Is an Afghan Civil War Inevitable?

Is an Afghan Civil War Inevitable?

The challenge: Incorporating the Taliban into the future of Afghanistan without sacrificing the rights of Afghans, especially women. Can it be done?

Members of the Afghan High Peace Council (AHPC) visited Islamabad recently and met with a broad set of civil and military officials to discuss collaboration in negotiating an end to the war with the Taliban. There were no dramatic breakthroughs—the meeting was part of the painfully slow process of building trust between Islamabad and Kabul—but the Afghan delegation did not return home empty-handed. With the release of up to thirteen prisoners associated with the Afghan Taliban into the Afghan government’s custody, and frank discussions with their Pakistani counterparts, the AHPC should have a stronger level of confidence in Islamabad’s claim that it seeks peace in Afghanistan.

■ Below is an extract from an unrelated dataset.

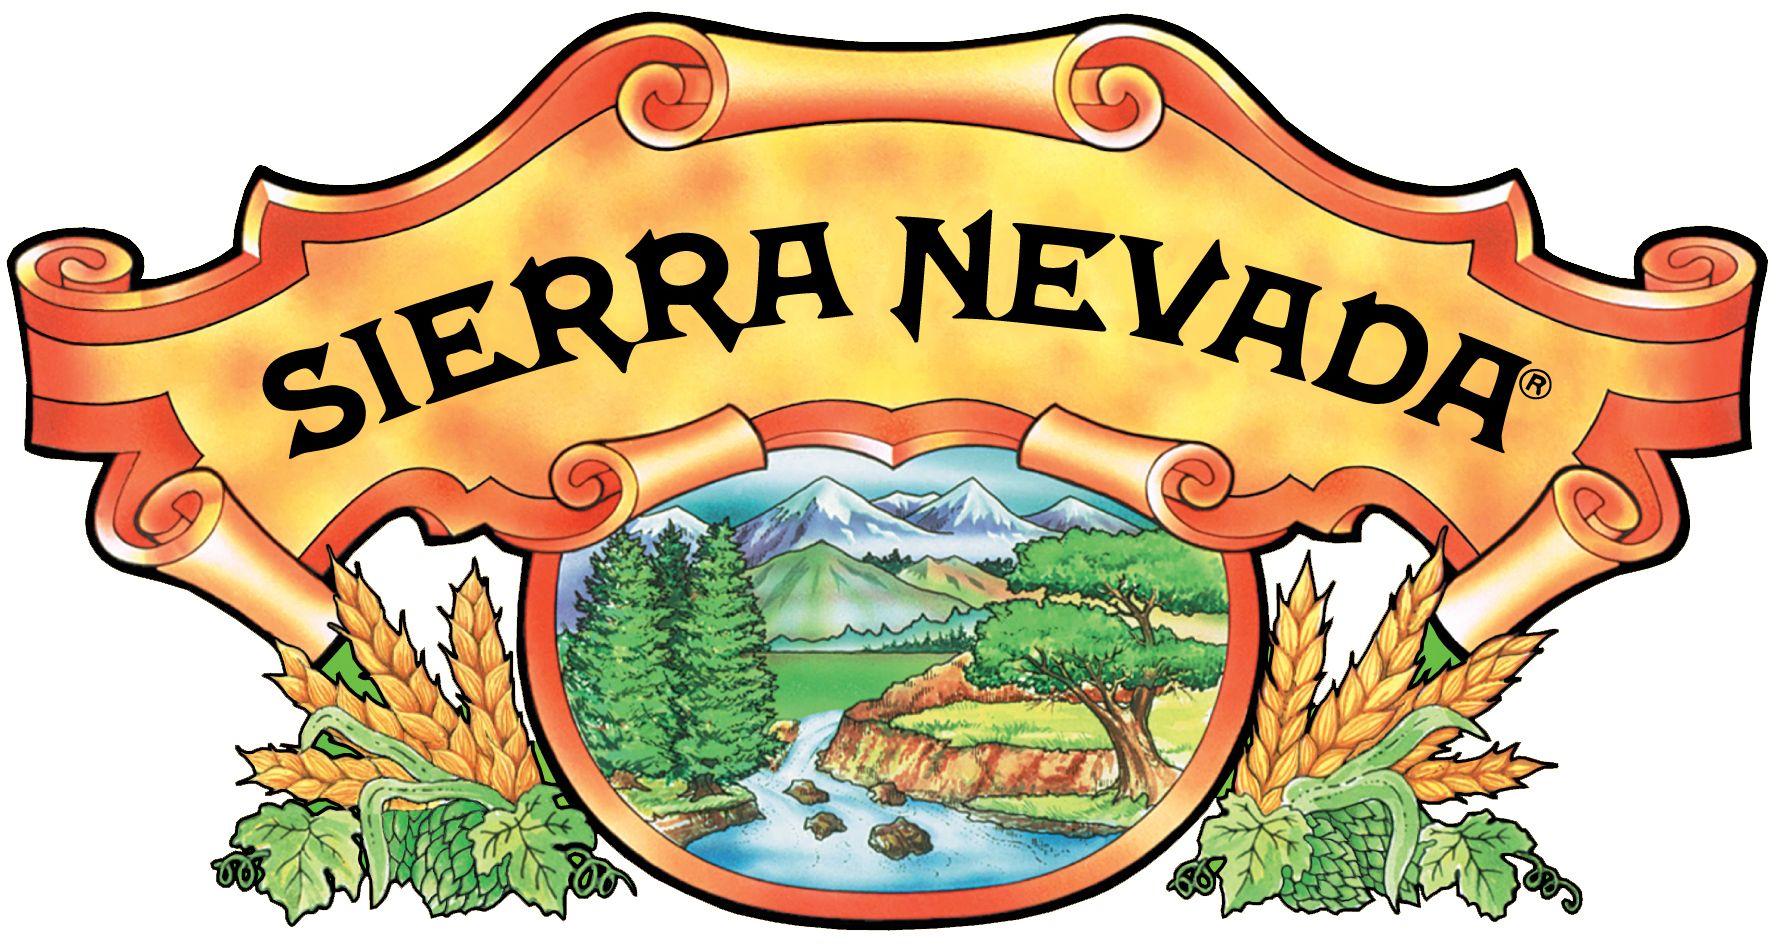 Serria Nevada Logo - Sierra Nevada Finds Rich Water Source | Independent Beers

But that confidence needs to be built at a faster pace. The clock is ticking in Afghanistan. Afghan Presidential elections and the end of U.S. combat operations are scheduled for 2014. Already, Afghan power brokers are preparing contingencies for a post-American Afghanistan. Ismail Khan, a warlord from the eastern city of Herat, is rebuilding his militia. He’s just one of many militia leaders who are stockpiling weapons and men, preparing for a potential, though not inevitable, fight between the country’s many ethnic and political factions.

The windfall from the Western presence will soon dry up and much of the change the Western coalition has brought to Afghanistan will prove to be ephemeral. Afghanistan will be tested as to whether it has the resilience to build an economy more independent of foreign rent than today. The outlook is gloomy. Recently, President Hamid Karzai’s brother Mahmoud told the Associated Press, “Afghanistan became a game. The game is to make money and get the hell out of here. That goes for politicians. That goes for contractors.” He is certainly one to know.

As corrupt as Afghanistan’s elites are, and as much blood as is on their hands, they’re essential to the prevention of an all-out civil war—a civil war that would cause a massive loss of life in Afghanistan, potentially embolden regional and transnational jihadists in the area, and spill over into a deeply precarious Pakistan.

Afghan elites have been kept together by the Bonn Agreement, the governmental framework created by the UN-backed post-9/11 agreements that provided Afghanistan with an interim, and later transitional, system of government. In 2004, Afghanistan held its first presidential elections, followed by parliamentary polls the next year that would produce an increasingly confident body that seeks to check executive power.